Esse é o ponto de partida de Gunman Chronicles, jogo da Sierra
que usa a mesma tecnologia de Half-Life, shooter lançado
há dois anos.
Em
Gunman Chronicles, que chega ao Brasil pela BraSoft, o protagonista
lidera um pelotão que foi escalado para a misteriosa missão
por causa de um incidente do passado, quando abandonou uma missão
e deixou alguns oficiais a mercê dos Xenomes. Os próprios
subalternos se encarregam de explicar detalhes do planeta e ensinar
o personagem a utilizar as armas, nas primeiras fases do jogo.
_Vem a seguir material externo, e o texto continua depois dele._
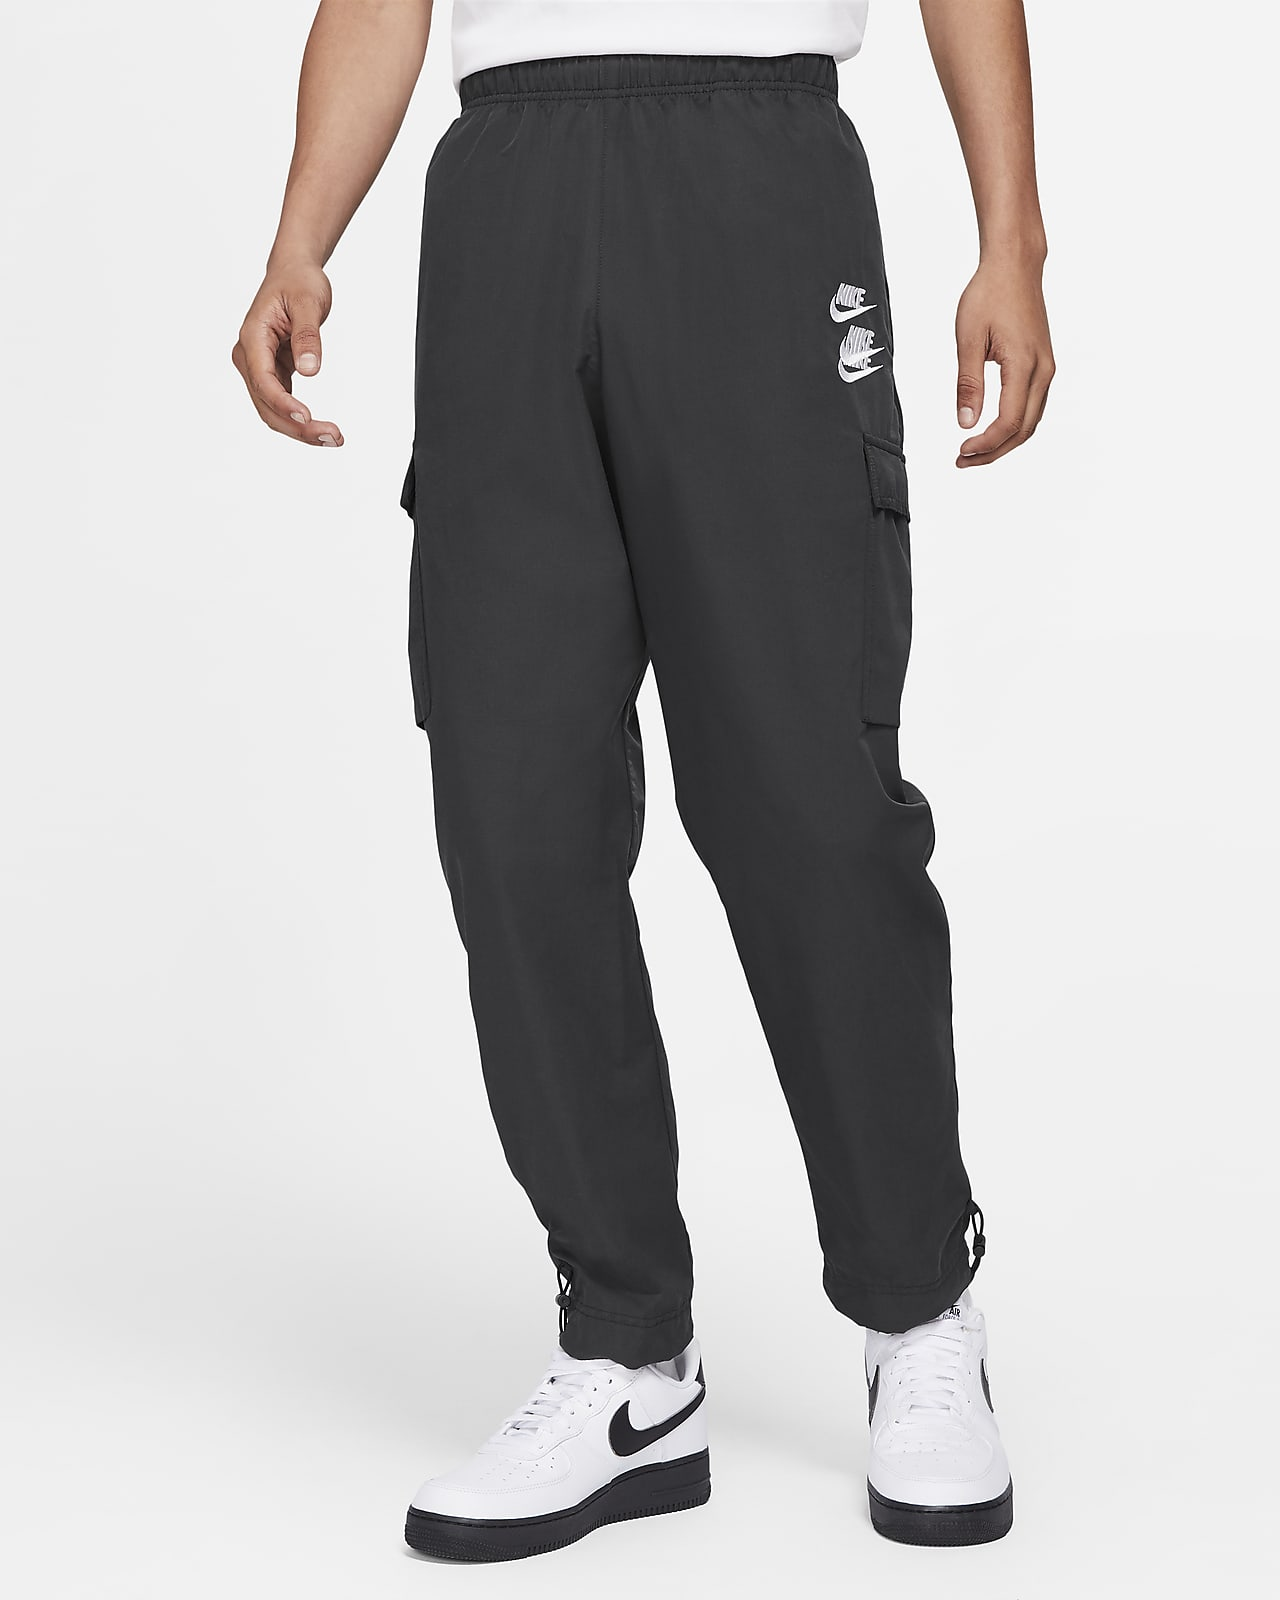 Nike Sportswear 男款梭織工作褲
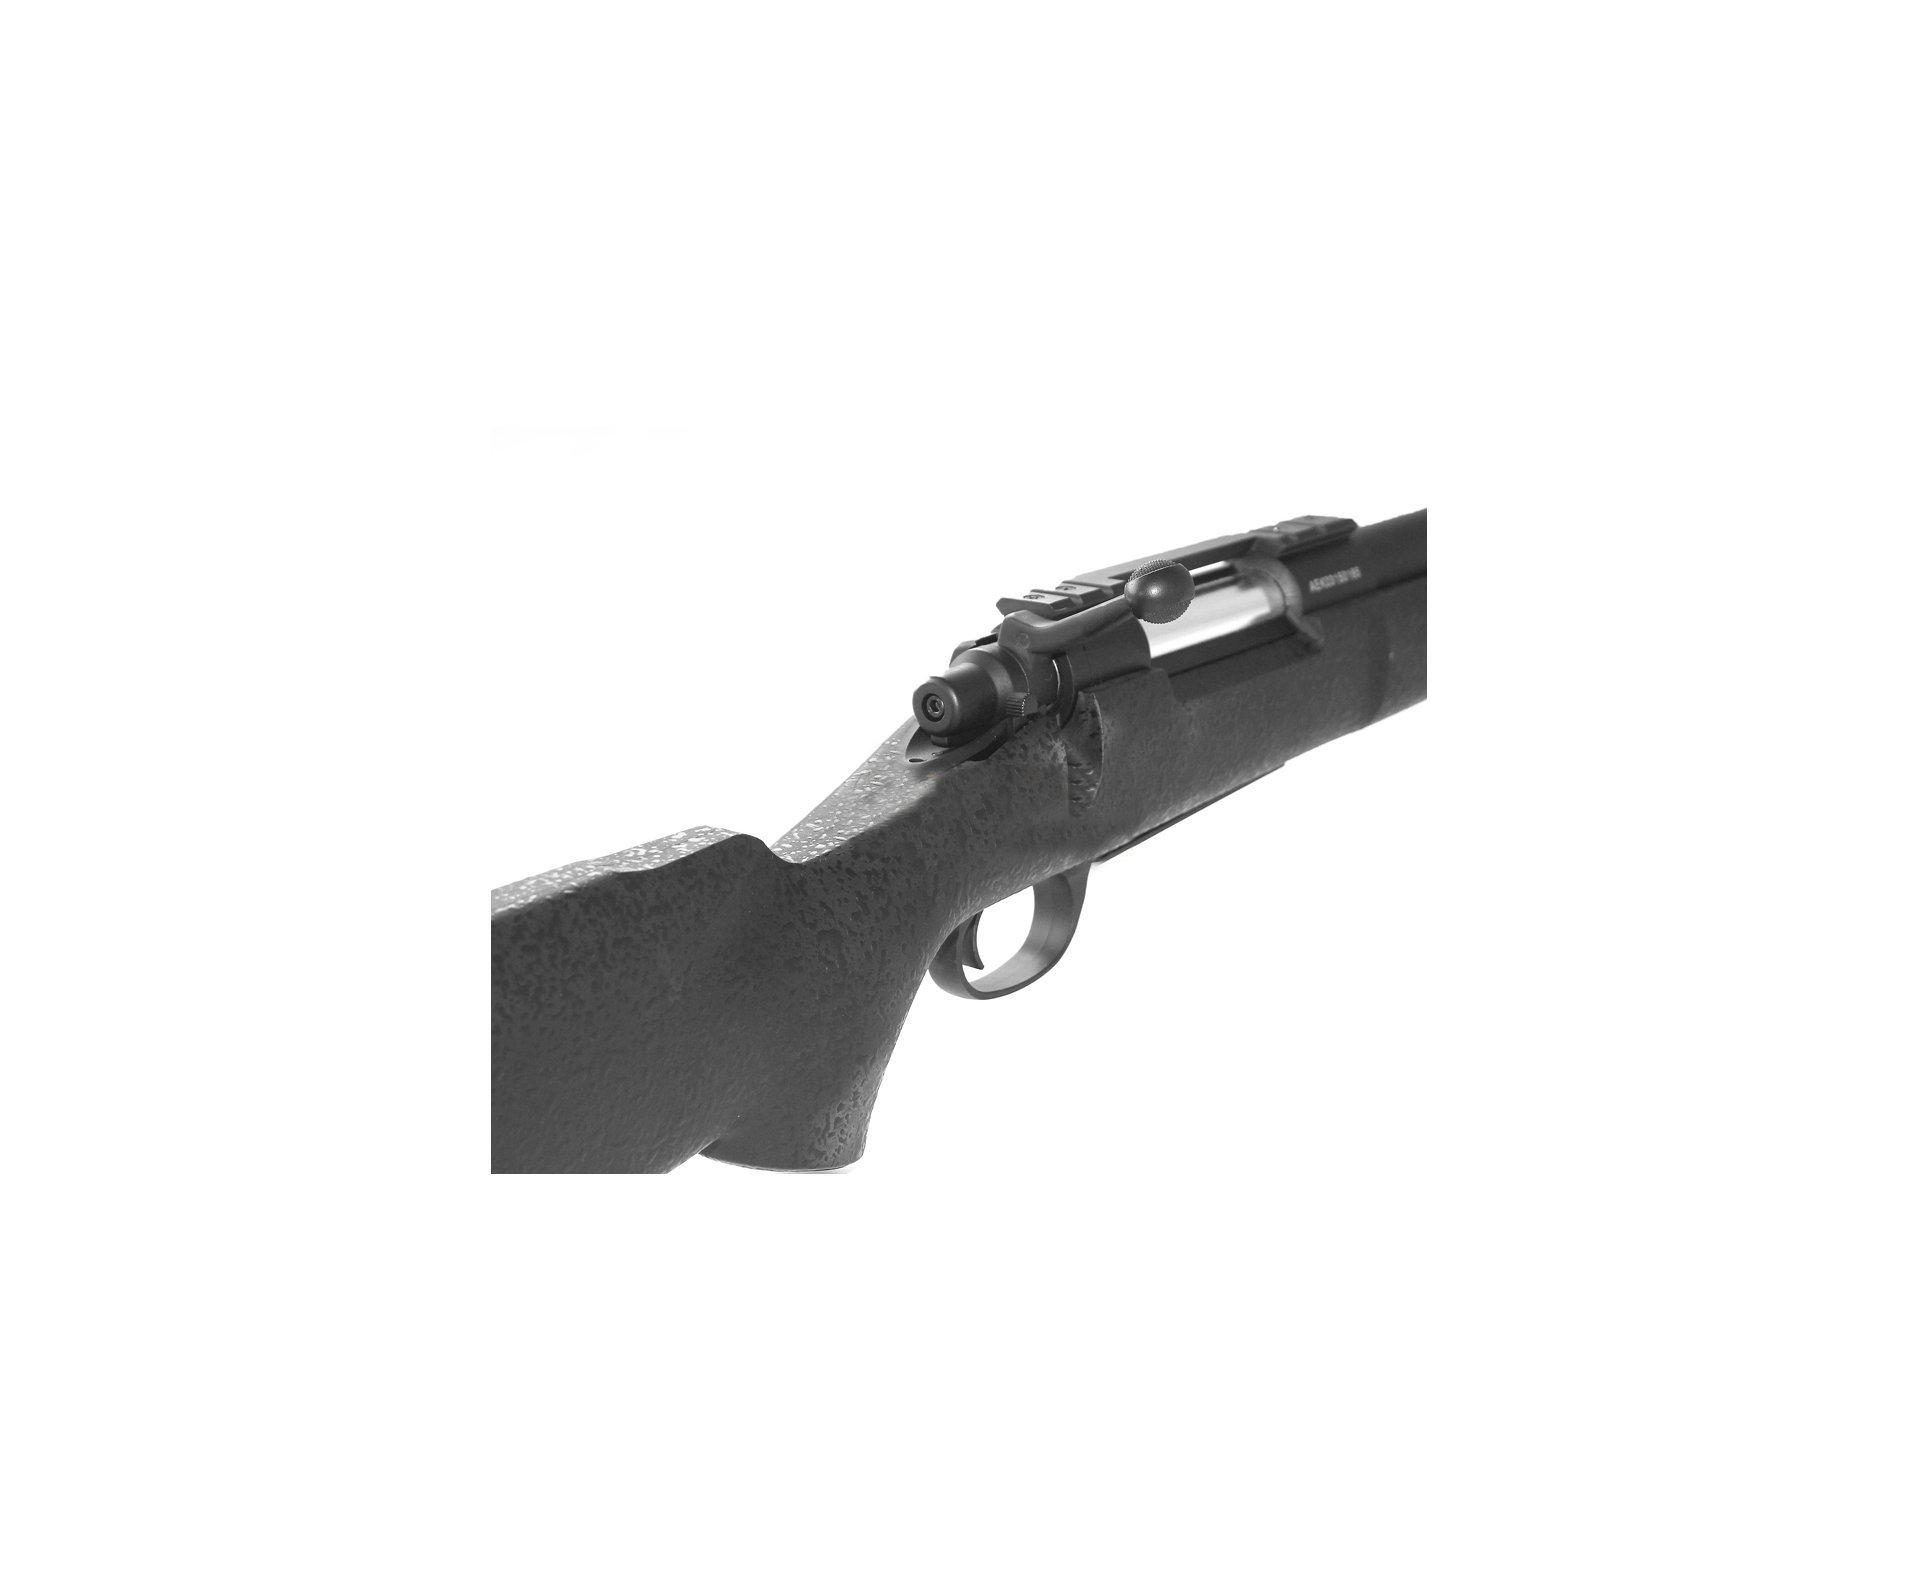 Rifle De Airsoft Sniper M24 Spring S.w.s Full Metal - Cal 6mm - Cyma

O
armamento vai de uma simples faca a rifles, granadas e metralhadoras
laser.
O começo
do jogo é talvez um dos mais enfadados da história
dos games. Quando o jogador se dá conta de que o personagem
já obedece aos controles, tudo que acontece é apenas
um voz feminina, vinda de um alto-falante, explicando detalhes da
missão, enquanto você vê imagens do planeta pela
janela da nave e aparecem créditos verdes na parte inferior
(com os nomes da equipe de produção do jogo), como
no início de um filme. Isso dura cerca de cinco minutos,
resultando em uma seqüência cansativa que poderia ser
mais curta. Ou transformada em um vídeo de apresentação,
pois não há motivo para o personagem estar ativo nessa
hora.
Depois,
os soldados o guiam pelas instalações e você
aprende os principais comandos: saltar, agachar, disparar, empurrar
caixas e abrir portas. A jogabilidade é muito eficiente e
a interface de mouse com o teclado funciona bem, havendo ainda a
opção de só usar o teclado. As vozes digitalizadas
soam com clareza, assim como os demais efeitos sonoros. O desafio
é equilibrado, exigindo do jogador raciocínio para
cada situação: rastejar para se mover em silêncio,
pegar o inimigo de surpresa, etc.
O problema
maior, para quem tem sede de sangue, é a falta
de ação e tiroteios das primeiras fases. Outro porém
é o gráfico pouco inovador e sem detalhes (os socos
do personagem principal são mecânicos demais), salvo
os ótimos efeitos de disparo das armas. No geral, é
um jogo irregular, mas que se mantém na média dos
shooters. Afinal, sempre vale a pena chutar o traseiro de alguns
alienígenas desprezíveis.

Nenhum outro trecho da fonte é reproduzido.